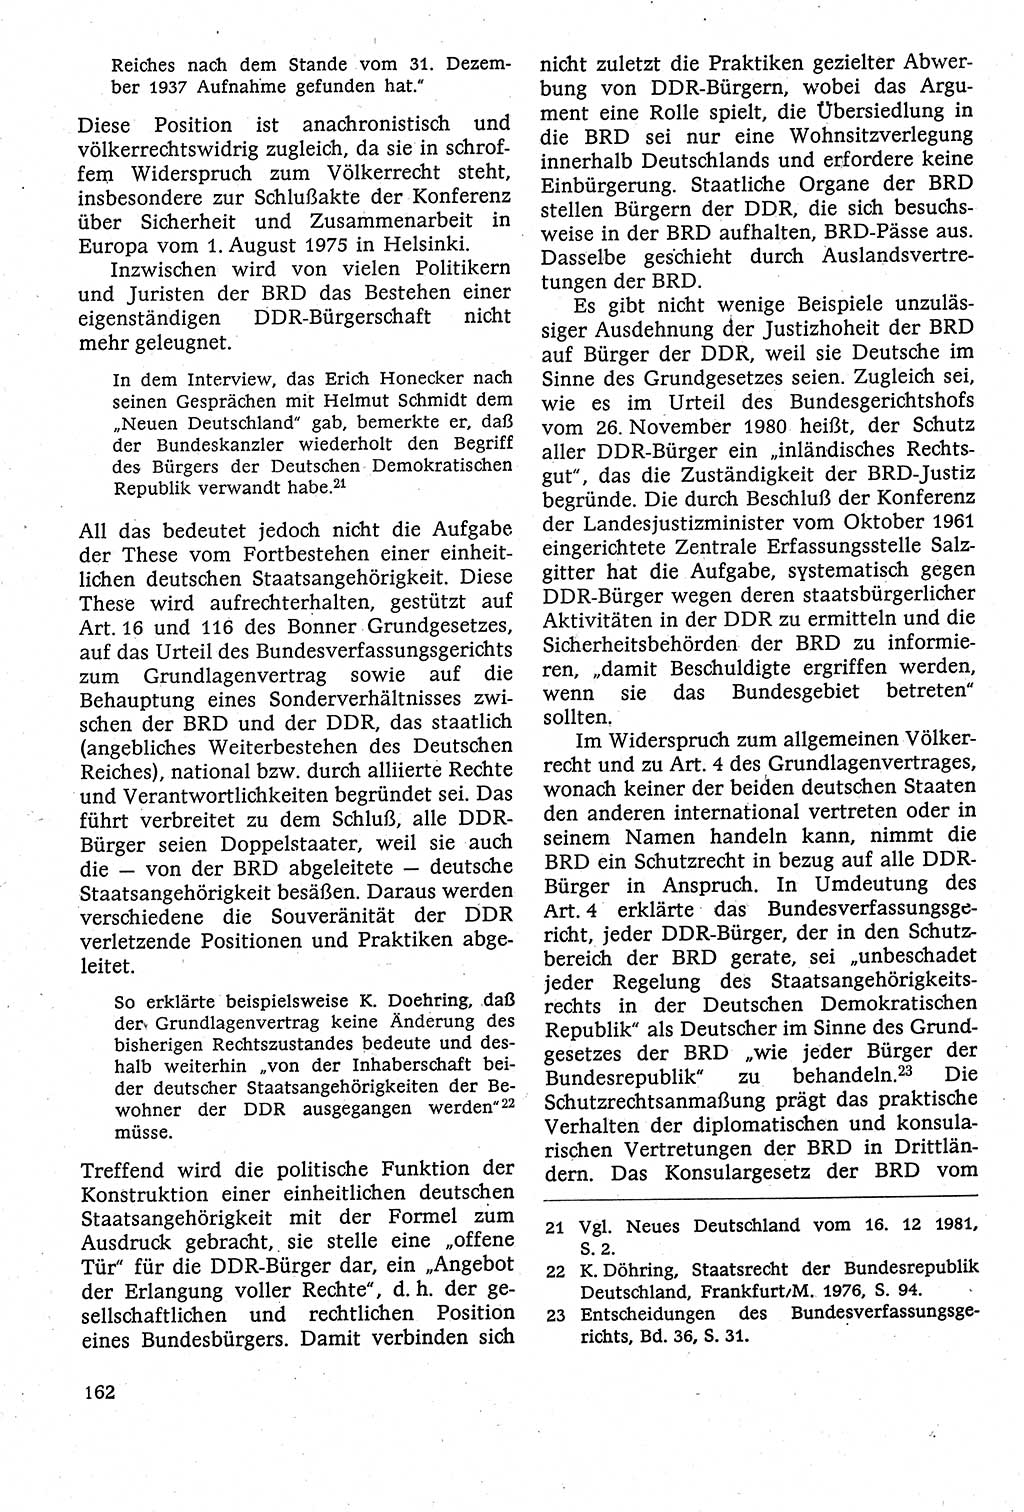 Staatsrecht der DDR [Deutsche Demokratische Republik (DDR)], Lehrbuch 1984, Seite 162 (St.-R. DDR Lb. 1984, S. 162)
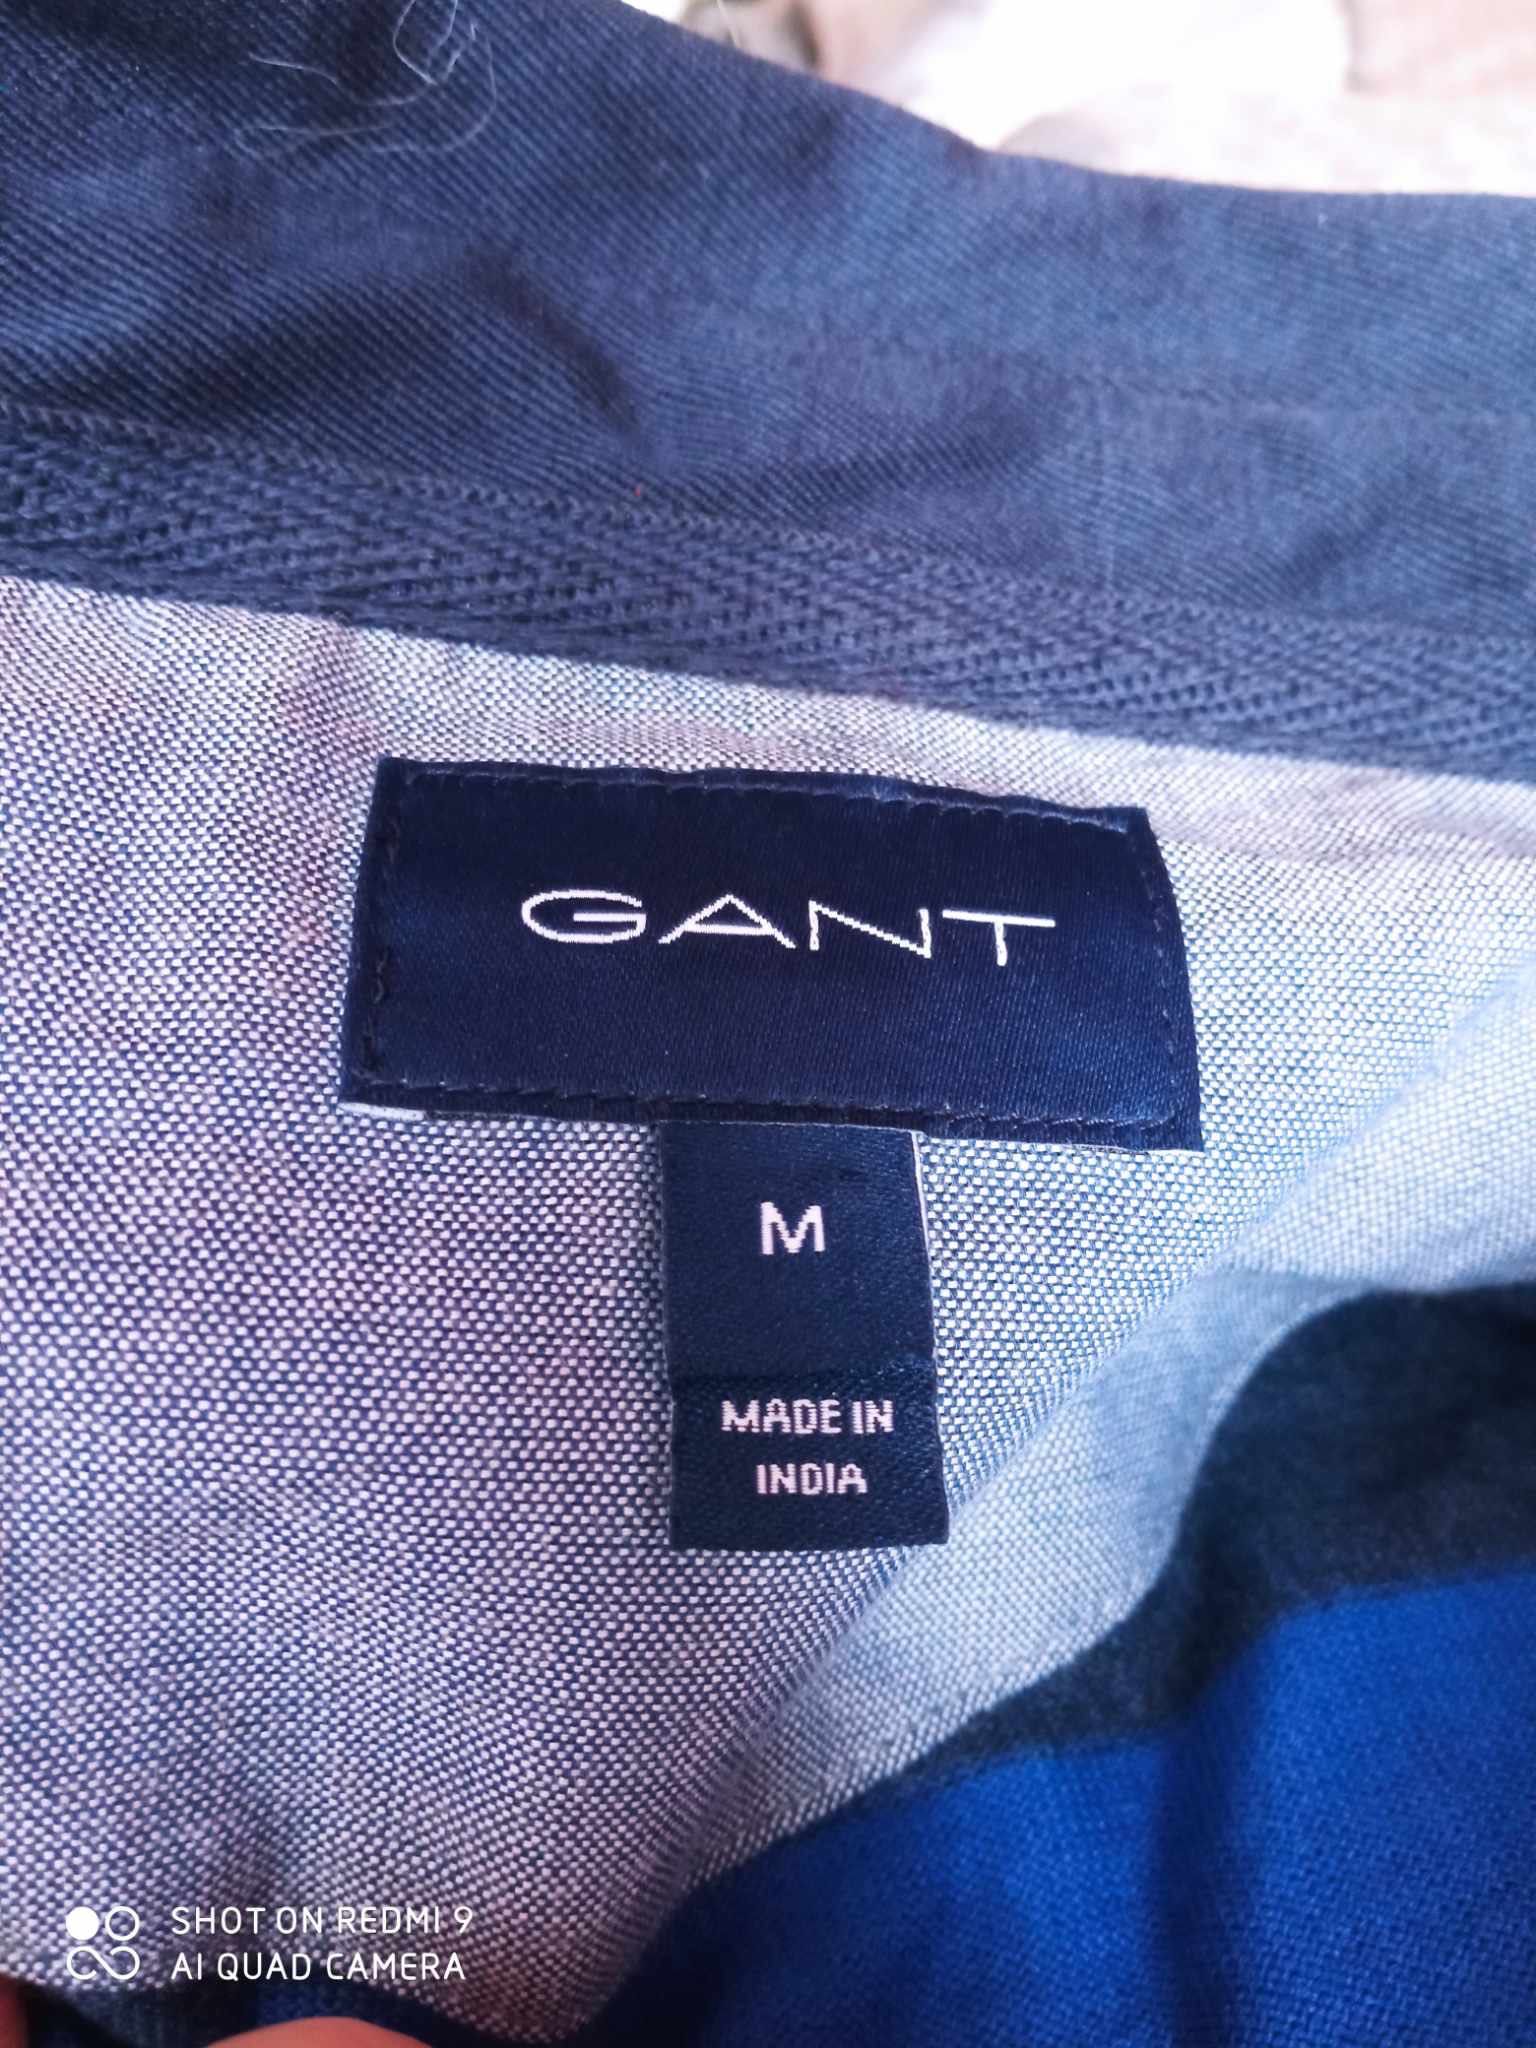 Bluzka męska Gant M oryginalna nie chodzona
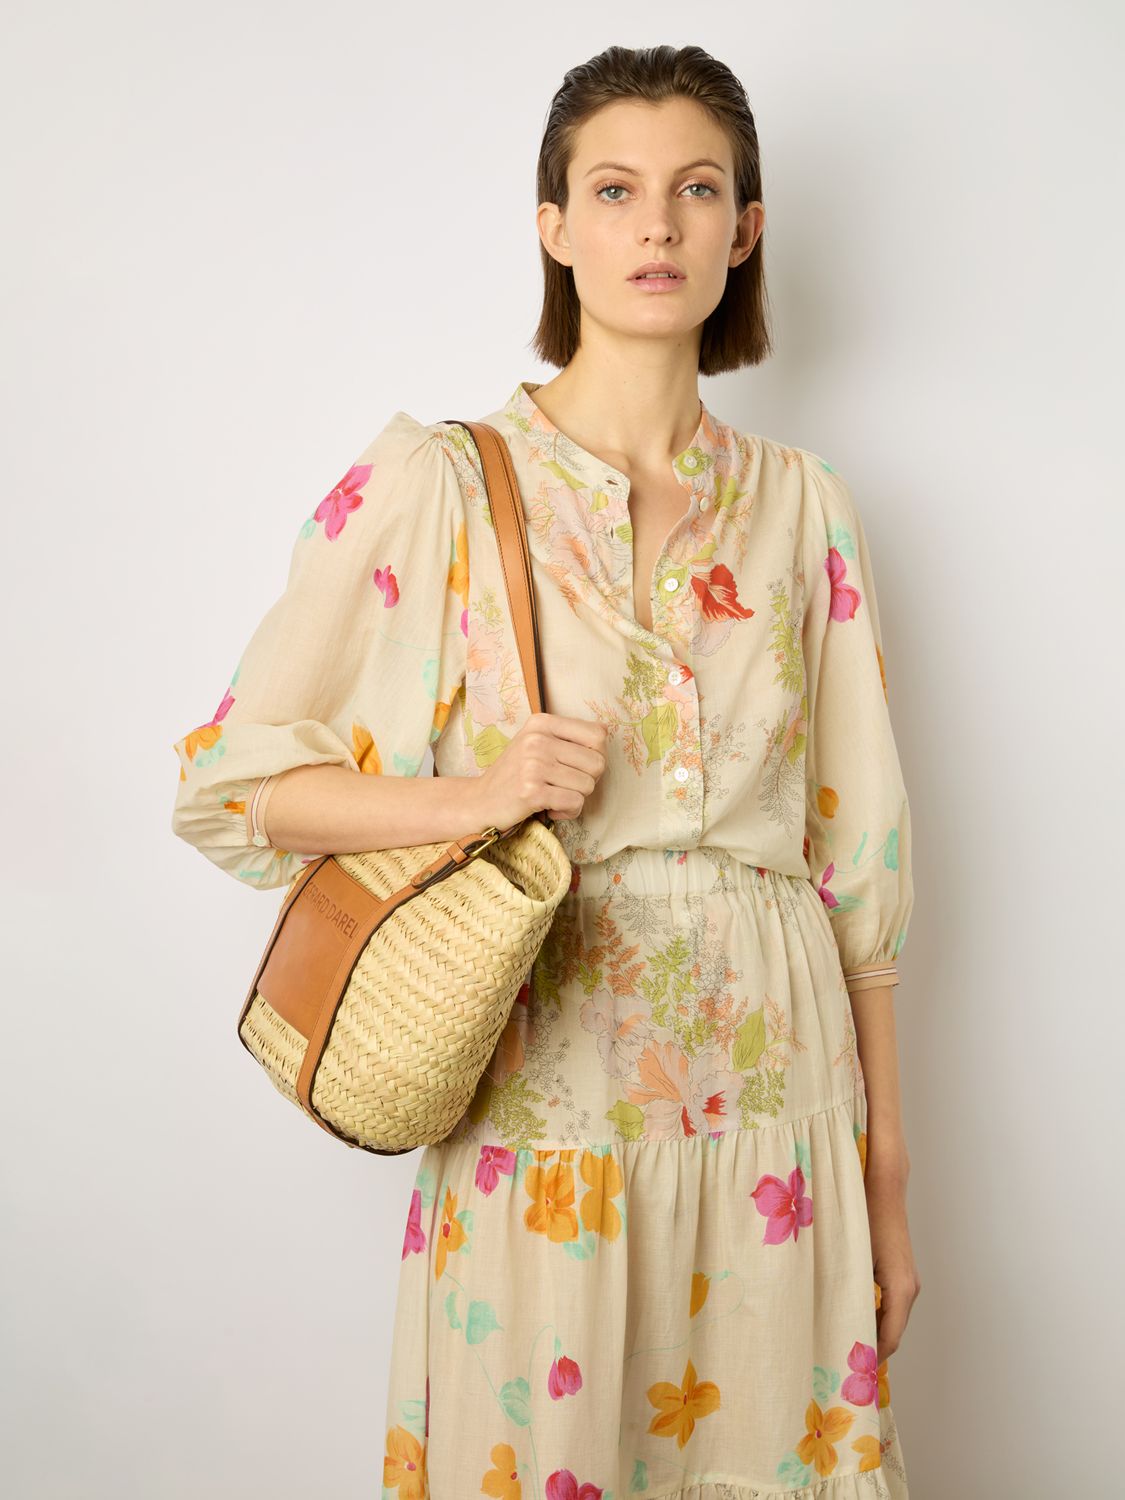 Buy Gerard Darel Brooke Floral Midi Skirt, Multi Online at johnlewis.com

→ **Task prompt**
Leaving the pictures out, give back each line above exactly.

→ **Output for this exercise**
 Staatsrecht der DDR [Deutsche Demokratische Republik (DDR)], Lehrbuch 1984, Seite 162 (St.-R. DDR Lb. 1984, S. 162)
 Bluzka męska Gant M oryginalna nie chodzona
 Buy Gerard Darel Brooke Floral Midi Skirt, Multi Online at johnlewis.com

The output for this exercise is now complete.